So, while I am not against the change you suggest, please be aware of its narrow scope in real world workloads.

shodanshok avatar Mar 04 '19 06:03 shodanshok

@kpande I have over 20 ZFS storage box served as FC/iSCSI backend, which use 32KB volblocksize. We run different workloads on them, and found that 32KB volblocksize strikes the best balance between IOPS and throughput. I had severals friends runing ZVOL for VMware, who recommends 32KB as well. Therefore IO reqeust merging and sorting at ZVOL can effectively reduce RMW. @shodanshok Adding scheduler layer to ZVOL will not cost much memory/CPU usage, but it will enable stacking ZVOL with many other linux block devices, embracing a much broader scope of use.

samuelxhu avatar Mar 04 '19 09:03 samuelxhu

Let me describe another ZVOL use case which requires the normal block device behavior with a valid scheduler: one or multiple application servers use an FC or iSCSI LUN backed by ZVOL; the servers use a server-side SSD cache, such as Flashcache or bcache to reduce latency and to accelerate application IO. Either flashcache or bcache will issue small but contiguous 4KB IO requests to the backend, anticipating the backend block device will sort and merge those contiguous IO requests.

In the above case, any other block devices include HDD, SSD, RAID, or virutal block device will have no performance issues. BUT with zvol with its current implementation, one will see siginificant performance degradation due to excessive and unneccesary RMWs.
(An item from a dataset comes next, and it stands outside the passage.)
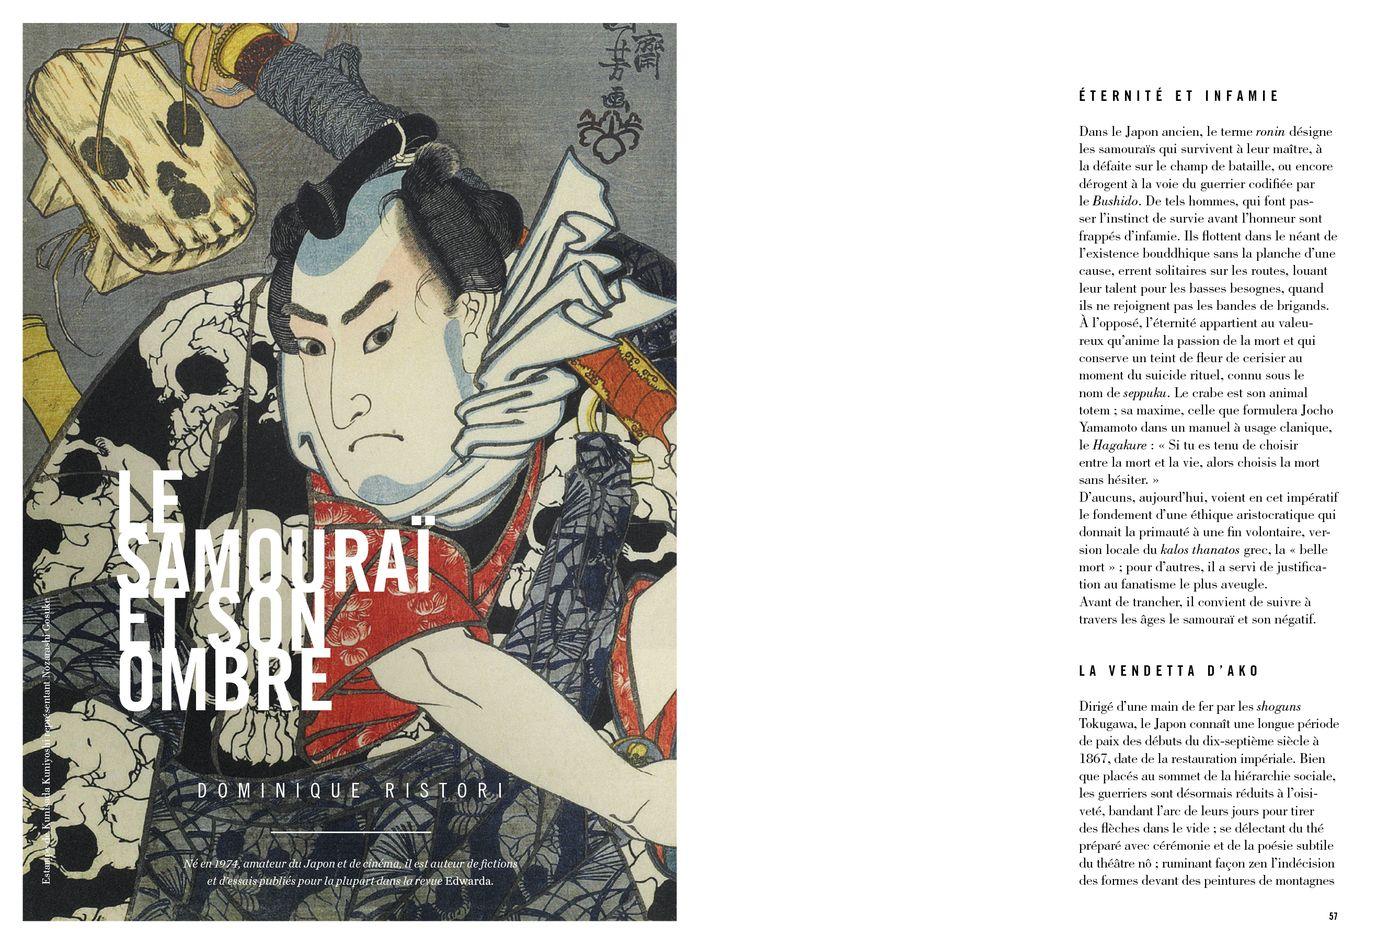 Possession Immédiate Volume 5 - Texte de Dominique Ristori, Le Samouraï et son ombre

samuelxhu avatar Mar 04 '19 14:03 samuelxhu

In general, it is unlikely that merging will benefit overall performance. However, concurrency is important and has changed during the 0.7 evolution. Unfortunately, AFIAK, there is no comprehensive study on how to tune the concurrency. See https://github.com/zfsonlinux/zfs/wiki/ZFS-on-Linux-Module-Parameters#zvol_threads

Also, there are discussions in https://github.com/zfsonlinux/zfs/issues/7834 regarding the performance changes over time, especially with the introduction of the write and DVA throttles. If you have data to add, please add it there.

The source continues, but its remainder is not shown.